Extracted data below:

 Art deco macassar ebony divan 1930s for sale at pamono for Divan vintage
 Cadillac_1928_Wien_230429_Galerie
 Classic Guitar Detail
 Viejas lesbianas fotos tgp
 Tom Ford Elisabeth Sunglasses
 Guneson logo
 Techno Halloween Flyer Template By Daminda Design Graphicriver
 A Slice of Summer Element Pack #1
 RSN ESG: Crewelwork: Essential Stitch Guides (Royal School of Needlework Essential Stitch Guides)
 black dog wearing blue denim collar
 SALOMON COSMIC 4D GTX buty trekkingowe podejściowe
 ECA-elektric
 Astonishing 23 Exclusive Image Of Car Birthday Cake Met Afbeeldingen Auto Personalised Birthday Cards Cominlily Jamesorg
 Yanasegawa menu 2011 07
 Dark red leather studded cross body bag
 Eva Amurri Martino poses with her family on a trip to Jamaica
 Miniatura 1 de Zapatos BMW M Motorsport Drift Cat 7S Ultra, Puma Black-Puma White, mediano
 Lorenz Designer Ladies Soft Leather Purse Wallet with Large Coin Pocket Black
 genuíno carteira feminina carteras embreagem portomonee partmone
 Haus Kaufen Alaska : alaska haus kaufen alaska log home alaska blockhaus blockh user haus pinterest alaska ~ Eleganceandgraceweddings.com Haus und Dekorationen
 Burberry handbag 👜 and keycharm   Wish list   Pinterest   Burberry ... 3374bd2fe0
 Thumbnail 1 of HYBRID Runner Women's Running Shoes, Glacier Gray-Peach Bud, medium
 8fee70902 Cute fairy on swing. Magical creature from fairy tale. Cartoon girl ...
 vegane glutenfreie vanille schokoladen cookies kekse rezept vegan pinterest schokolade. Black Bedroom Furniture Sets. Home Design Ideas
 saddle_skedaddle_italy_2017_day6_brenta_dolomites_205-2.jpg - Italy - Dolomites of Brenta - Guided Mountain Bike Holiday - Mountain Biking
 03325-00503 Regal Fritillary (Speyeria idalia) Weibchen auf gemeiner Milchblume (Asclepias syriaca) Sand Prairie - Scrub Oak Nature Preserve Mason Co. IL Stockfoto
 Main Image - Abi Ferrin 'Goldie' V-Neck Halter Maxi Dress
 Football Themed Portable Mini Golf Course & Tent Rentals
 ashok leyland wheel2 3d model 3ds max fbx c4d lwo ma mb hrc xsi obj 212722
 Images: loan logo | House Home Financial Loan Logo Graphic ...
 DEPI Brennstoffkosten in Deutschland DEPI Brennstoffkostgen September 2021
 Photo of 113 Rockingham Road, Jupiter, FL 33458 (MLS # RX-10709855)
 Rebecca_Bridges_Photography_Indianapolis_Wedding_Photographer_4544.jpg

End of Extracted data.

• [What is required]
Copy word for word the stretch of entries above from the line that has "Football Themed Portable" through the line that has "DEPI Brennstoffkosten in", both ends included, and nothing outside it.

• [Result]
 Football Themed Portable Mini Golf Course & Tent Rentals
 ashok leyland wheel2 3d model 3ds max fbx c4d lwo ma mb hrc xsi obj 212722
 Images: loan logo | House Home Financial Loan Logo Graphic ...
 DEPI Brennstoffkosten in Deutschland DEPI Brennstoffkostgen September 2021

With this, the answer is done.